Мои руки привязаны мягкой бельевой веревкой к подлокотникам, ноги закреплены аналогичным образом.
Я вижу свое отражение, как аналогию живому, в зеркальном шкафу, перегораживающем комнату.
За шкафом за белыми простынями – медицинский уголок.
Вот на безжизненной планете мое тело, привязанное к креслу, голое тело.
Все переменилось настолько глубоко и серьезно, что я не могу даже грустить.
Я выхожу из оцепенения.
Половина лица человекоподобного существа, сидящего напротив, до самых глаз заклеена широким скотчем. В рот глубоко просунута широкая прозрачная трубка для дыхания. Она как ус насекомого свисает на сонную грудь. На последнем правом ребре череда небольших розовых крестообразных шрамов. От бледно-розового – к красному с запекшейся коркой. Самый свежий закрыт пластырем. Из-под него течет тонкая струйка присыхающей сукровицы.
В комнату заходит мой лучший тихий друг, тот, кто может меня всегда вернуть к жизни, к свежей реальности дня, вытянуть из красного головокружительного провала. Встряхнуть и показать напоследок – как все ничтожно. Он гладит меня по голове и легко пережимает пластиковым зажимом трубку.
Пристально смотрит мне в левый глаз, оттянув веко вверх.
Какое-то время я вижу эту сцену со стороны.
Вот.
Я.
Отлетаю.
В.
Зел.
Ён.
Ый.
Эф.
И.
Р.
Я не хочу возвращаться из пылающего скорбного великолепия, где всё – шедевры: и звуки, и запахи, и расстояния.
Это особенный сон, он мнится мне под глубокими трудными толчками моего сердца, с трудом проталкивающего сквозь всего меня время вспять.
Этот низкий звук нудит меня, и вот я свободно прохожу чудесные местности, миную белые пропилеи, цветущие душистые боскеты, лечу, не касаясь шашек мраморного пола бельведеров.
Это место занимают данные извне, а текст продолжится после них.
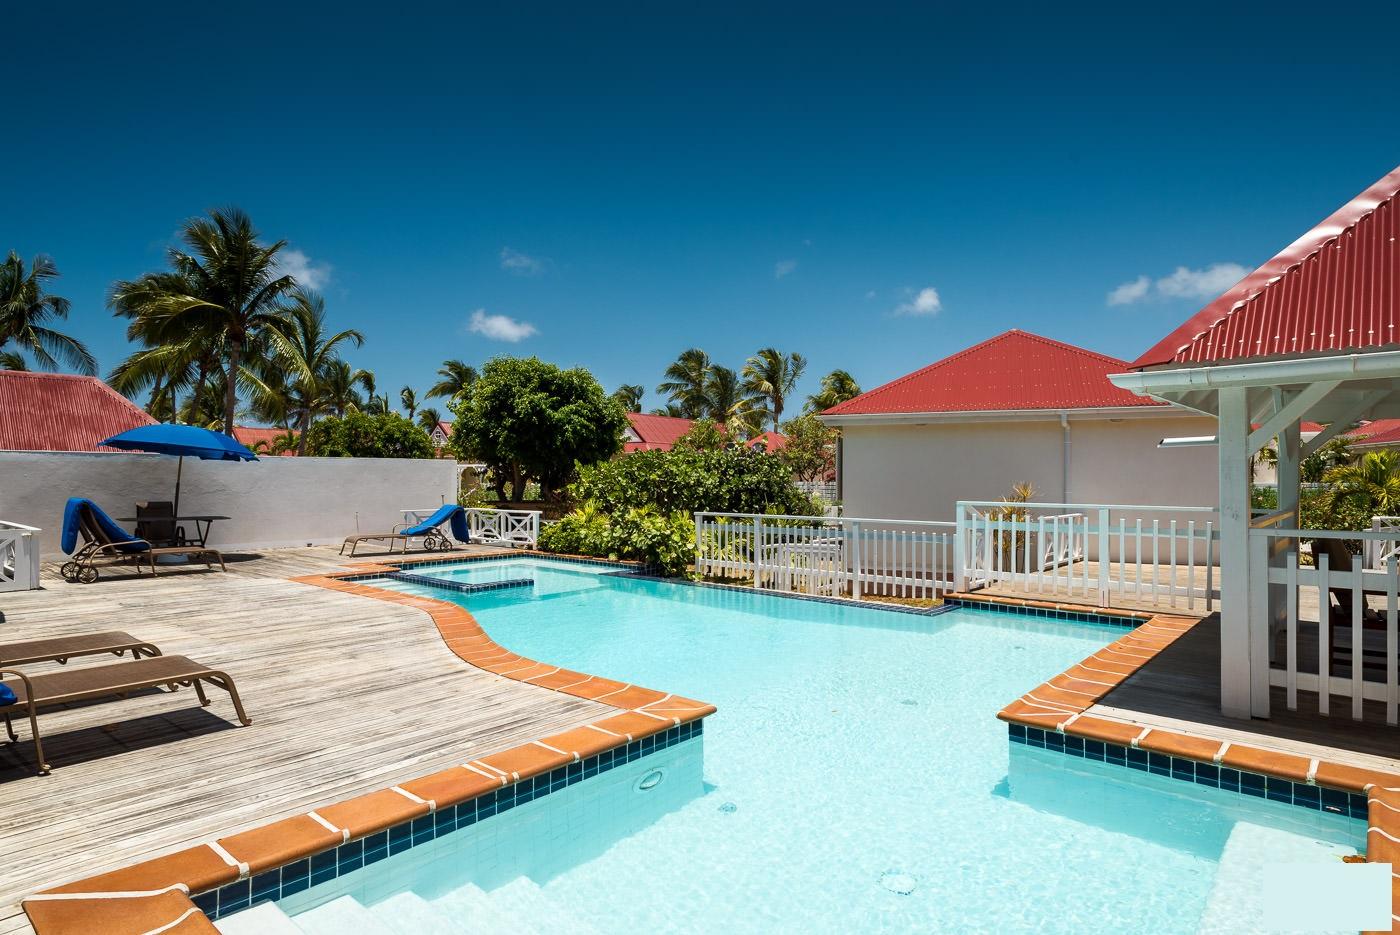 Beachfront St Barts Luxury Villa Vacation Rentals St

Мне так легко, что я уже не дышу.
Я никому не могу помешать.
Я узнаю их, моих единственных, не терявших никогда ко мне своего щедрого благорасположения, я вижу их снова как мешанину прекрасных красок.
В пейзаже Пуссена.
Где тупой Полифем и смешливые нимфы облепили собой движущуюся границу небес и земли, чтобы присутствовать при особом таинстве.
И вот по веществу, в месте соприкосновения проходит судорога, чтобы эти части навсегда смешалось, оставаясь отчужденными.
Это мои родители.
Они передают друг другу слабо тлеющую суспензию.